Why not bring Iron Mike out of retirement, give him 12 week training camp, charge 25 bucks on pay per view and donate a portion of the earnings to a cause of the winners choice. If they role with DMX, he better win or that would be a total embarrassment. Get a real real fighter ie. Mike Tyson. I bet people would actually pay to see that as well.


----------



## SlappyTX (Feb 8, 2014)

SheriV said:


> yeah but this will end up being a beat down rather than a boxing max....would have been better if they did it UFC style



from the article,

"DMX, however, couldn?t wait to talk trash at the one-time neighborhood watchman, acquitted by a jury last summer of murder and manslaughter for shooting 17-year-old Trayvon to death as he walked through a gated community in Sanford, Fla., in 2012.
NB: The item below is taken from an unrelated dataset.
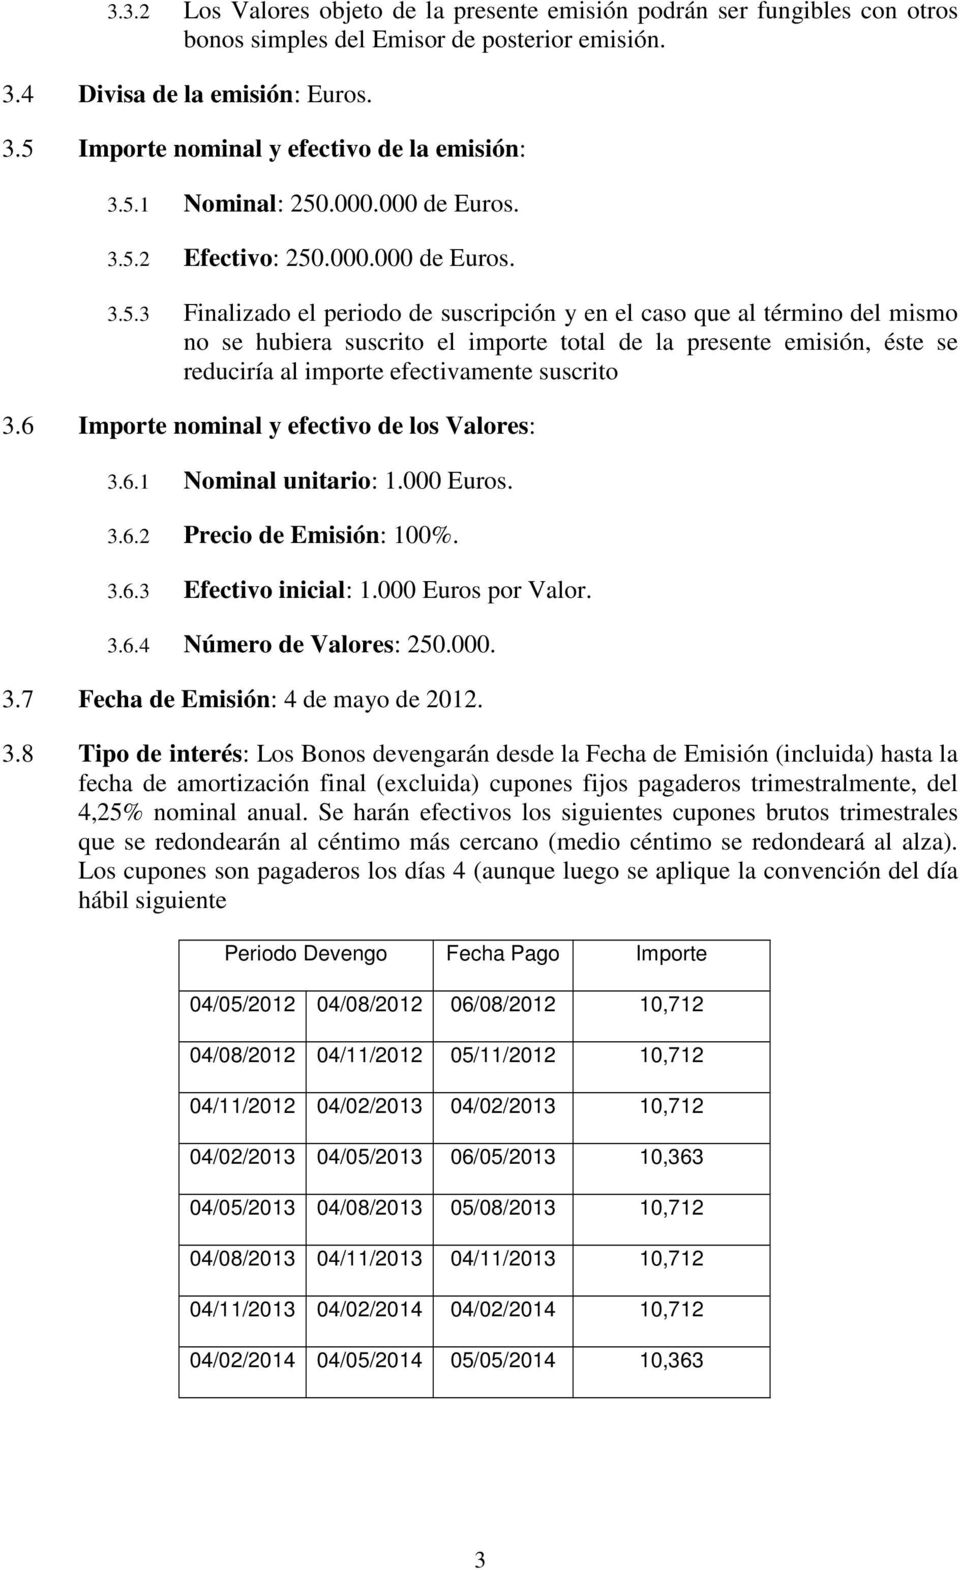 6 Importe nominal y efectivo de los Valores: 3.6.1 Nominal unitario: 1.000 Euros. 3.6.2 Precio de Emisión: 100%. 3.6.3 Efectivo inicial: 1.000 Euros por Valor. 3.6.4 Número de Valores: 250.000. 3.7 Fecha de Emisión: 4 de mayo de 2012.

*I am going to beat the living f--- out of him*, DMX boasted, according to TMZ. *I am breaking every rule in boxing to make sure I f--- him right up.*


Read more: http://www.nydailynews.com/entertai...-boxing-match-article-1.1602895#ixzz2smI2jKWm


----------



## IronAddict (Feb 8, 2014)

lol That's funny!


----------



## IronAddict (Feb 8, 2014)

If they'd televise these fights I'd watch these instead.


----------